Now there’s a common key to join the data.

joined_df <-
  prices_df2 |>
  inner_join(band_df2, by = join_by(address, postcode)) |>
  relocate(raw_band_address, .after = raw_price_address) |>
  arrange(postcode, address) |>
  mutate(council_tax_band = factor(council_tax_band))

As with previous posts Digging Deep and House Sales, I’m focusing on postcodes in the SW10 part of London.

It’s not possible to assess all SW10 properties by band since only a tiny fraction will have been sold recently. Recent sales could though be used as a sample and Bootstrap Confidence Intervals then employed to draw a wider inference.

“Pulling yourself up by your bootstraps” originally meant doing something absurd. Later it came to mean succeeding with only what you have at your disposal. Hence only the sample will be used as a surrogate for the true population by making repeated random draws from it (with replacement).

A key assumption is that the sample is representative of the true population.

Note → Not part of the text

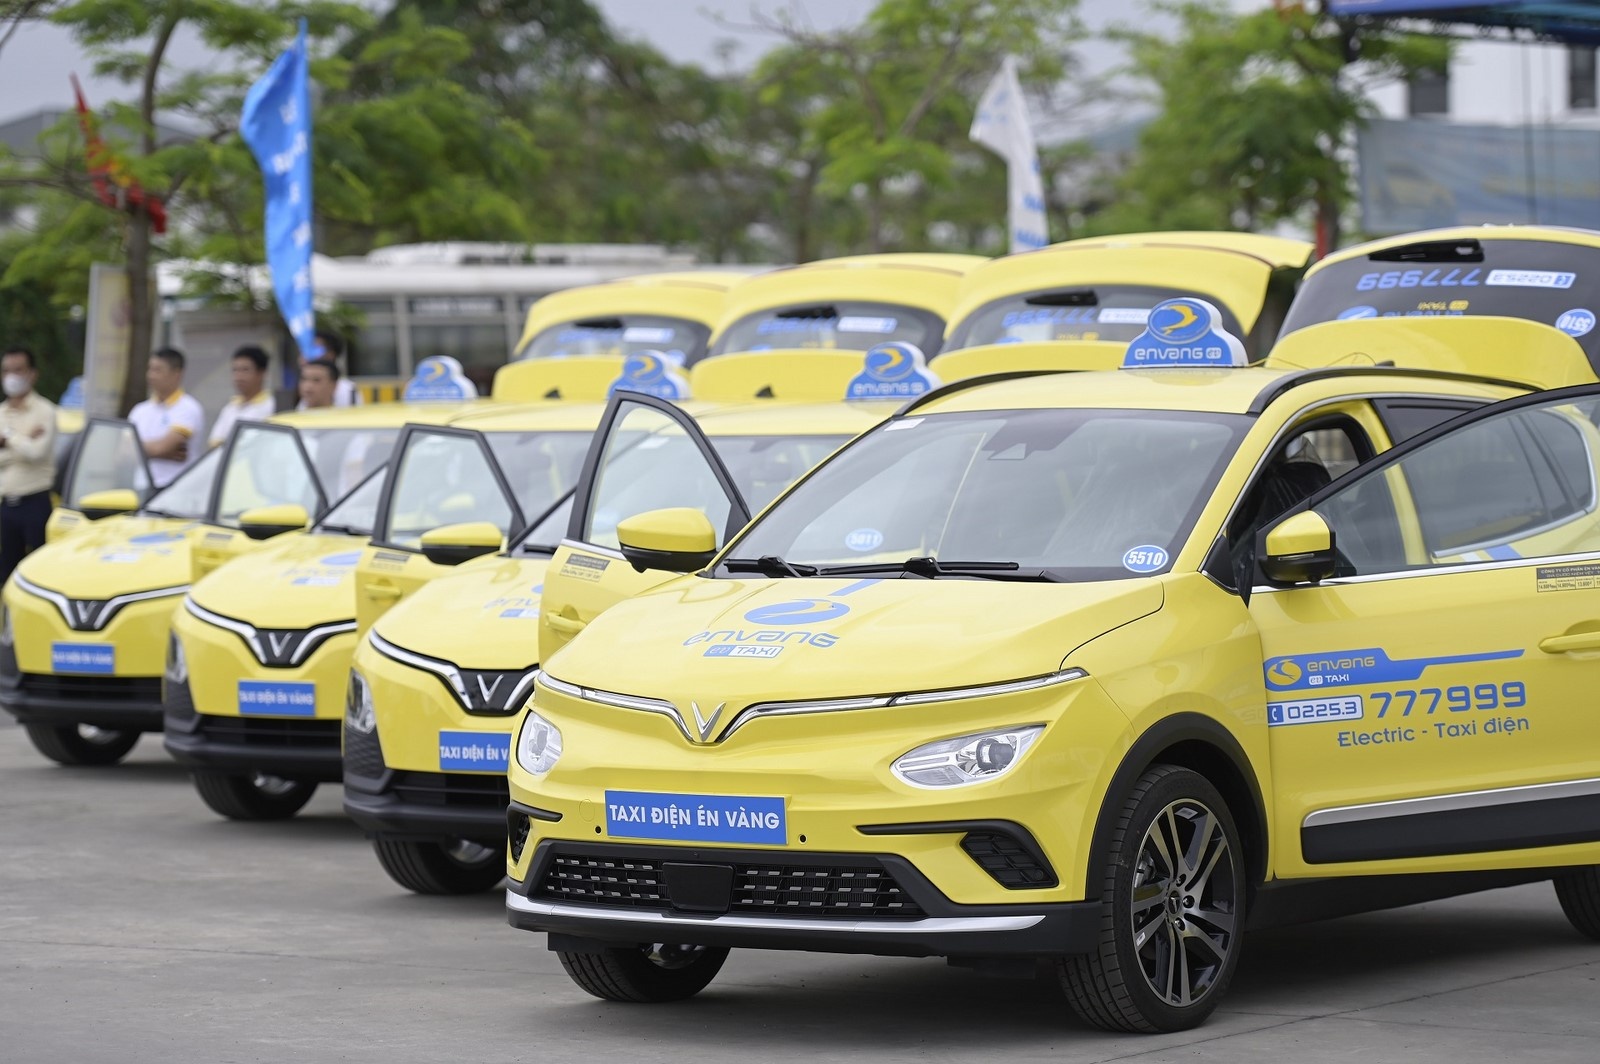 Én Vàng mua và thuê 150 xe ô tô điện Vinfast, ra mắt dịch vụ taxi điện đầu tiên tại Hải Phòng

Even though only recent sales transactions have been selected, a small movement in market prices will have occurred. So ensuring the bands are reasonably well distributed over the period is worthwhile.

joined_df |>
  select(transaction_date, price_paid, council_tax_band) |>
  mutate(yearquarter = yearquarter(transaction_date)) |>
  count(yearquarter, council_tax_band) |>
  ggplot(aes(yearquarter, n, fill = council_tax_band)) +
  geom_col(position = position_fill()) +
  scale_x_yearquarter() +
  scale_y_continuous(labels = label_percent(1)) +
  scale_fill_manual(values = pal[c(1:7)]) +
  labs(
    title = "Distribution of Sales Transactions by Band & Quarter",
    x = "Quarter", y = "Proportion", fill = "Band"
  )

A violin plot of the property values by band shows some bimodal distribution and oddly shows bands E & F with lower mean prices than band D. This is worth closer inspection to ensure the sample is representative.

labels <- joined_df |>
  summarise(n = n(), mean_price = mean(price_paid),
            .by = council_tax_band)

transactions <-
  joined_df |>
  count() |>
  pull()

from <- joined_df |>
  summarise(min(transaction_date) |> yearquarter()) |>
  pull()

to <- joined_df |>
  summarise(max(transaction_date) |> yearquarter()) |>
  pull()

joined_df |>
  ggplot(aes(council_tax_band, price_paid)) +
  geom_violin(fill = pal[1]) +
  geom_label(aes(label = glue(
    "n = {n} \nAvg Price ",
    "{label_currency(prefix = '£', suffix = 'm', accuracy = 0.01)(mean_price)}"
  ), y = 16),
  data = labels, size = 2.3, alpha = 0.7, fill = "white"
  ) +
  scale_y_log10(labels = label_currency(
    prefix = "£",
    suffix = "m", accuracy = 0.1
  )) +
  labs(
    title = "Droopy Bandings",
    subtitle = glue(
      "Sample of {transactions} Property ",
      "Transactions in SW10 ({from} to {to})"
    ),
    x = "Council Tax Band", y = "Sale Price (log10 scale)",
    caption = "Sources: tax.service.gov.uk & landregistry.data.gov.uk"
  )

joined_df2 <- joined_df |>
  mutate(`SW10 0JR` = if_else(postcode == "SW10 0JR", "Yes", "No"))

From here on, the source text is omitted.